Now one could argue that the definition of rssPost above is not very abstract, since it exposes details of the RSS implementation. A more abstract approach might be to let Post implement an interface with RSS properties and ‘auto’ generate the feed based on such properties.

extend entity Post {
  rssTitle : String   := title
  pubDate  : DateTime := created
  // etc.
}

I’m not sure however, if such an approach would actually be preferable. Essentially, what the rssPost template does is define a mapping from Post objects to RSS items. The template format allows much room for flexibility. The interface approach also defines a mapping from Post objects to RSS items. It probably requires just as much code, but allows less wiggle room, but it might prevent some errors, such as the date format bug that I introduced.

Date Details

The RSS specification suggests that RSS readers should take the pubDate as the date of publication of the item. However, when I migrated old posts from another blog app using older dates, Google reader used the day of first appearance, rather than the specified date.

A particular detail that I got wrong originally was the date format, which caused RSS readers to misread the date. This was easily fixed by defining the rssDateTime template as follows:

define rssDateTime(d: DateTime) {
  output(d.format("EEE, dd MMM yyyy hh:mm:ss zzz"))
}

Channel

The rssWrapper template is a reusable definition for RSS channels in my WebDSL library.
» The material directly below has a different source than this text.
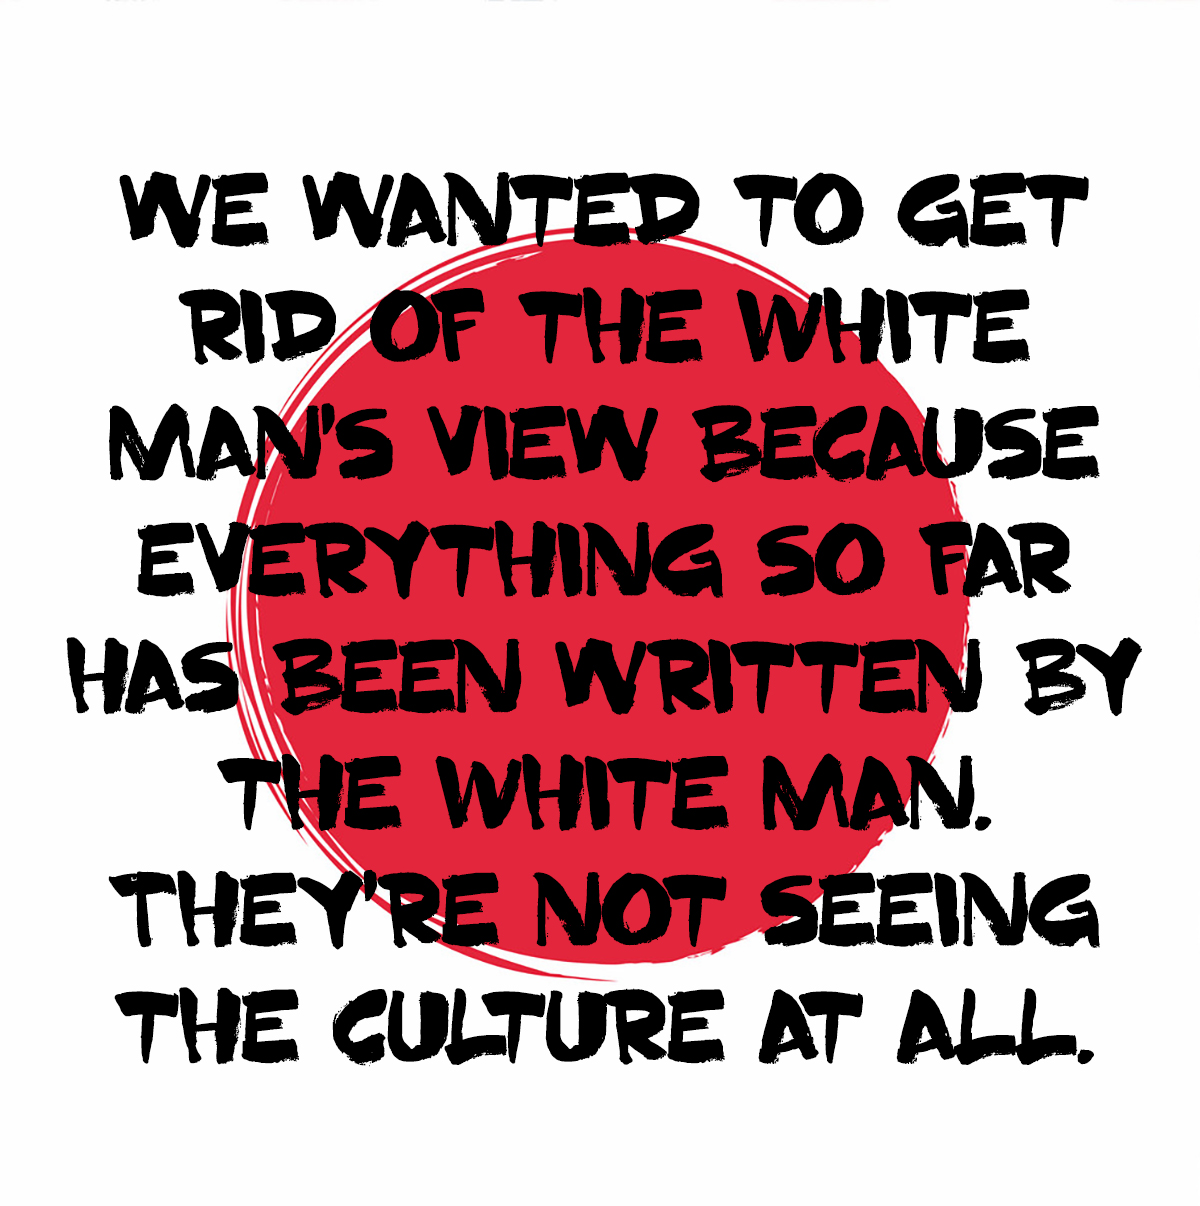 we wanted to get rid of the White man's view because everything so far has been written by the White man. They're not seeing the culture at all - DeSnoo on her Yasuke Documentary

It takes title, url, description, and publication date as parameters:

define rssWrapper(title: String, url: String, desc: Text, pubDate: DateTime) {
  mimetype("application/rss+xml")
  <rss version="2.0">
    <channel> 
      <title>output(title)</title>
      <link>output(url)</link>
      if(!isEmptyString(desc)){ <description>output(desc)</description> }
      if(pubDate != null) { <pubDate>rssDateTime(pubDate)</pubDate> }
      <docs>"http://www.rssboard.org/rss-specification"</docs>
      elements
    </channel>
  </rss>
}

Note that the templates defines the mimetype of the page.

Validation

The RSS feed appears to work fine with Google reader, but not with NetNewsWire, which complains about RSS feed validation errors. Apparently HTML markup is not allowed within the ‘description’ tag.